PHP Security Exploit With GIF Images

June 22, 2007

News

p. There is a new blog post in the PHPClasses site that talks about a PHP security exploit that can be performed using specially crafted GIF images that embed malicious PHP code.

bq. I am writing this because it is very important to spread the word about this PHP security exploits that can used to abuse from sites written by many developers that are not well aware of security issues.

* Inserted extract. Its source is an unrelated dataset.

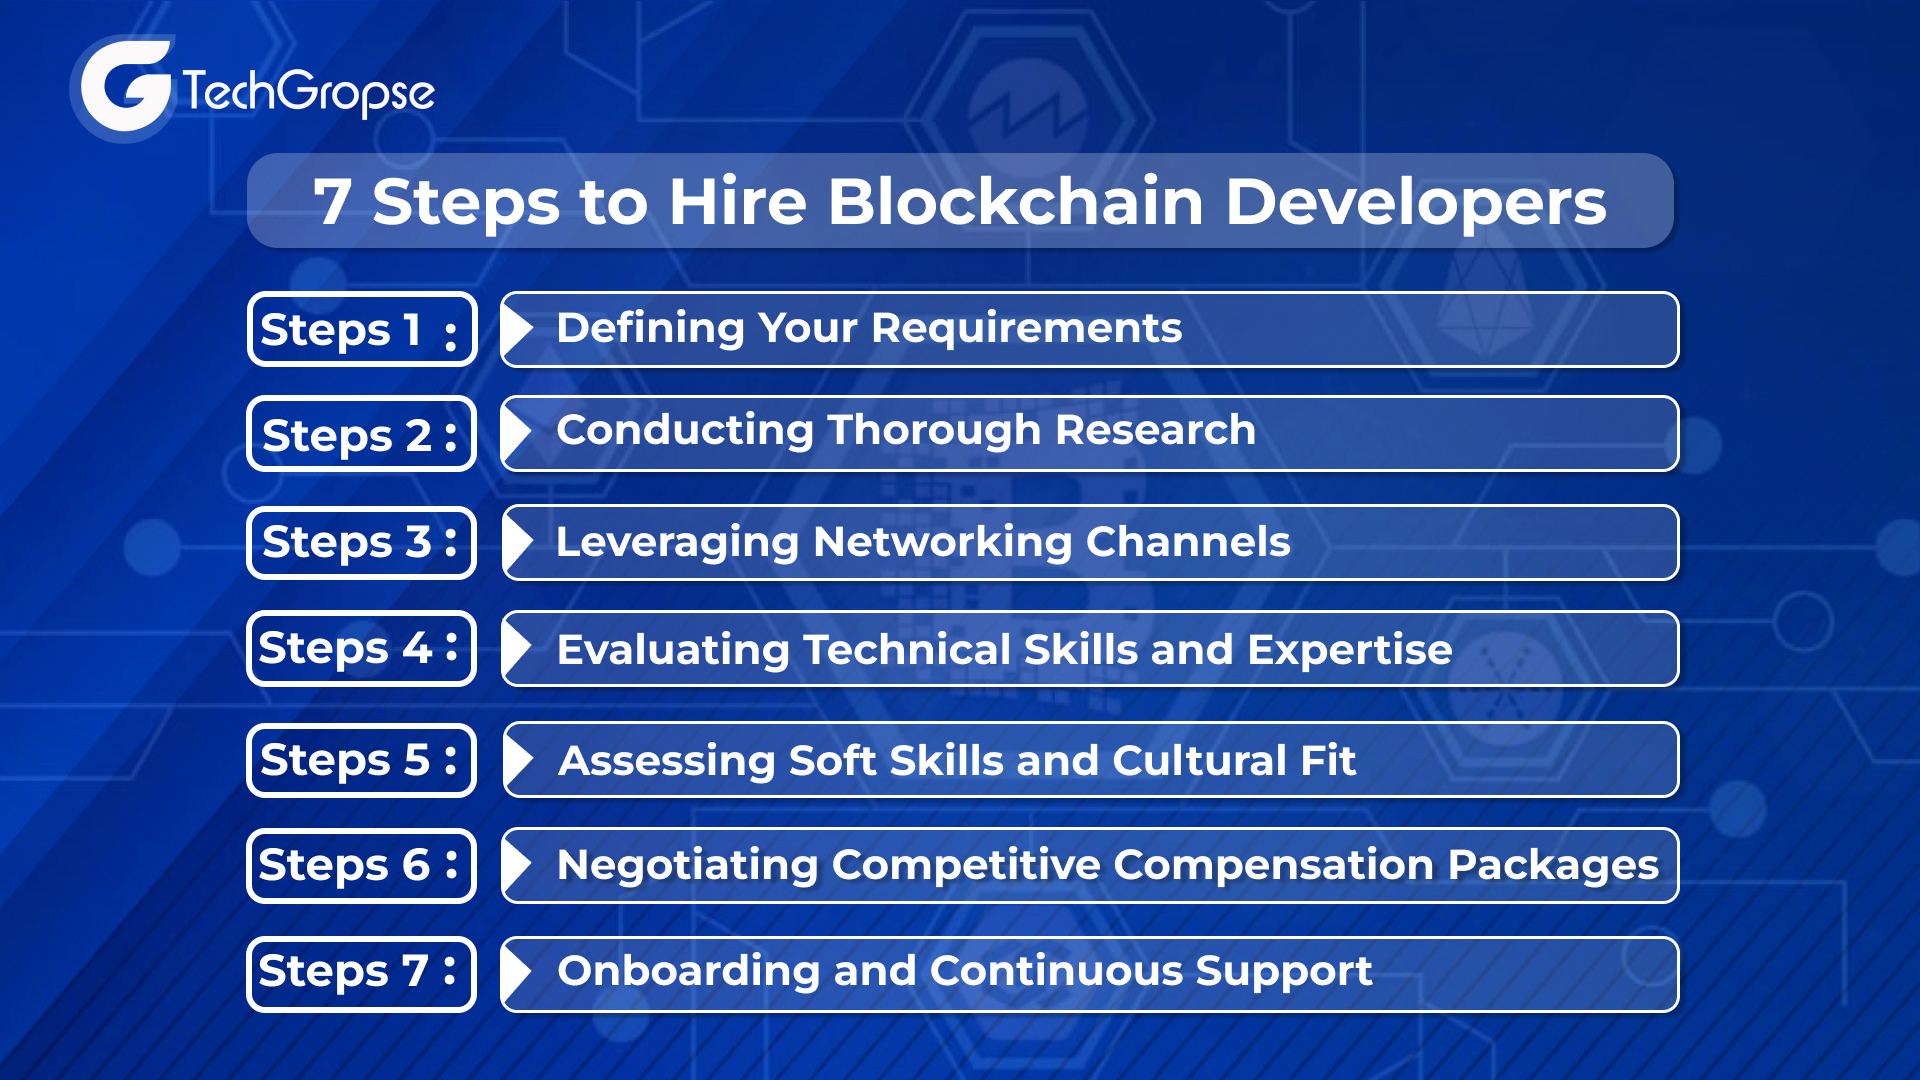 7 Steps to Hire Blockchain Developers 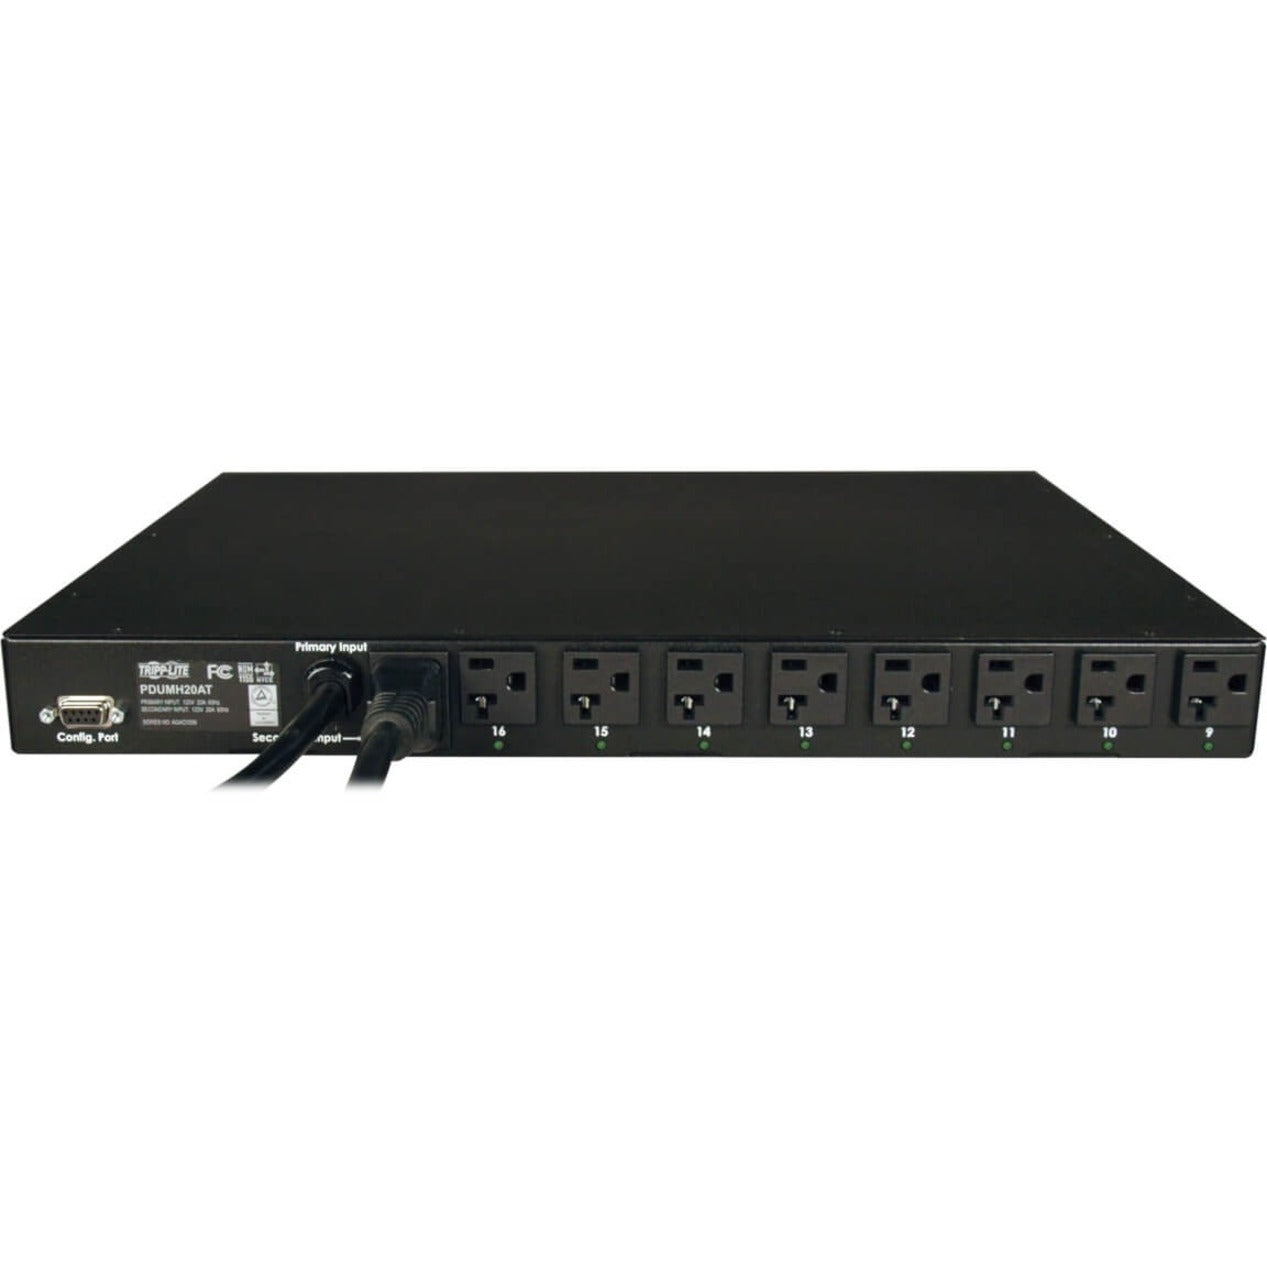 Tripp Lite PDUMH20AT PDU Metered ATS 120V 20A 16 Outlet, Dual UPS Protection, Remote Outlet Control

p. Advice is given on what to do and to not do to avoid the problem.

5 Responses to “PHP Security Exploit With GIF Images”

  1. justdave Says:

    Thanks ml for explaining the exploit. I must have misunderstood the problem. It still does boil down to never trusting user supplied input. (and I’ve had my coffee quota this morning so all is good) lol

    So to sum things up if an image needs to be served up by php it’s best to read the file into the buffer for output and not simply include it for use. Correct?

    Cheers,
    Dave

  2. ml Says:

    justdave, all security exploits only affect sites that use poorly written code. This is why it is necessary to alert people that write poorly written code. If this does not affect your sites, good. Otherwise, you may want to pay more attention to the techniques attackers may use.

    For instance, relying on the MIME type sent by the browser for an uploaded file is not a reliable way to protect yourself, because that information comes from the browser and the attacker may spoof the content type.

    Even if you check the uploaded file extension, you may still be subject of the exploit. It depends on how you serve the uploaded files. As explained in the article, if you use include/require to serve uploaded GIF files, you may be triggering the execution malicious PHP code embedded in the GIF files.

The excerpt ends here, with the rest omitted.